Burgundian Civic and Courtly ‘Spectacles’
By Elizabeth Weinberg

The once-divided Low Countries were initially acquired by the House of Valois-Burgundy, not through the direct inheritance of a male heir, but by marriage, wars, purchases, and inheritance via cousins without direct heirs. The immense wealth of the Low Countries, as a centre of trade and leaders of cloth production and wool trade, made them especially attractive to foreign crowns who would benefit from their taxation and could use trade-related ties to expand their geographic influence (Holdorph, 2022: 74). These commercial hubs also contained especially large populations, with historians estimating that by 1500, ‘twenty-four of the thirty towns in north-west Europe with populations in excess of 10,000’ were located in the Low Counties (Brown & Small, 2008:4). This flourishing urban environment and burgeoning wealth of merchants led to a growing middle class which was both educated and powerful, and who wished to display their wealth by emulating courtly ritual and joining exclusive guilds and fraternities. Numerous civic traditions from the pre-Burgundian rule expanded throughout the 15th century to become more lavish and incorporated scenes from chivalric literature to portray notions of heroism, piety, and spectacle.

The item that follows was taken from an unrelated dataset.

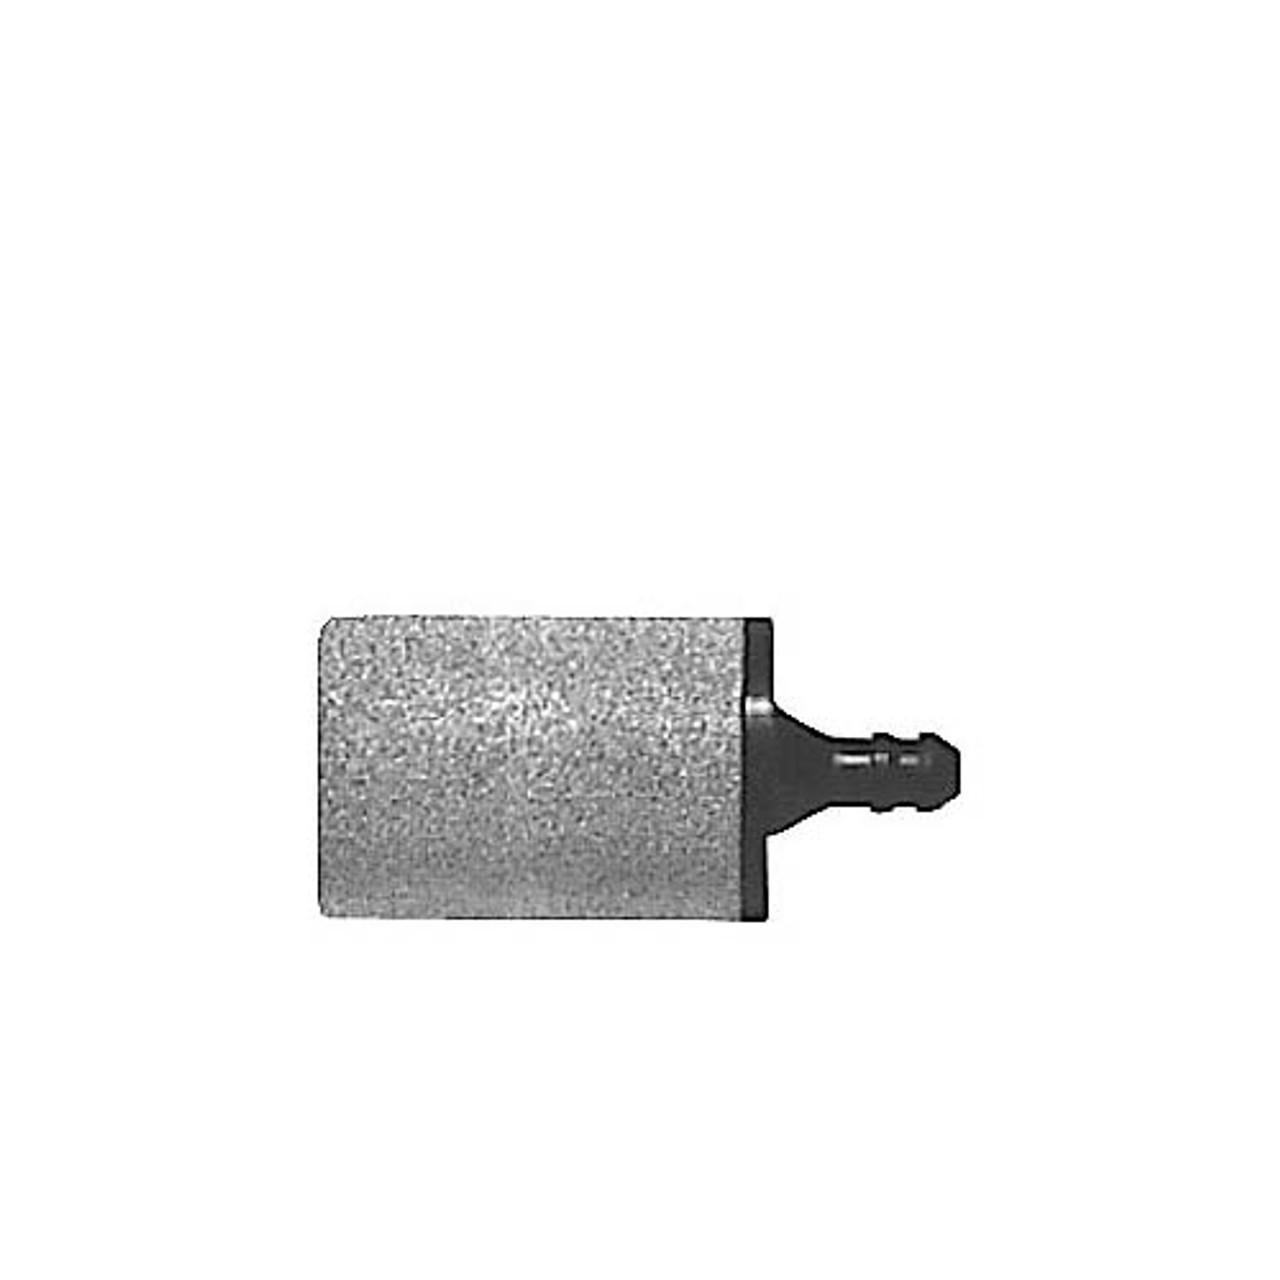 OREGON 07-213 - FUEL FILTER 3/16IN HUSQVARNA - Product Number 07-213 OREGON

The last of the Valois-Burgundian dukes was Charles I, also known as Charles ‘the Bold’ due to his expansionist ambitions and break with France. In the fashion of a true chivalric knight, Charles was frequently on campaign and commanded the Order of the Golden Fleece (Brown & Small, 2008:4) (Jensen, 1966: 189). However, as a foreign Burgundian ruler of the Low Countries, along with regular tensions between commoners and nobility, his authority was not always welcomed by his subjects. In order to reinforce power dynamics, while building important relationships with influential native authorities and creating a state-identity, the Burgundian Dukes attempted to exploit traditional civic spectacles, as can be seen through the lens of Charles the Bold’s reign.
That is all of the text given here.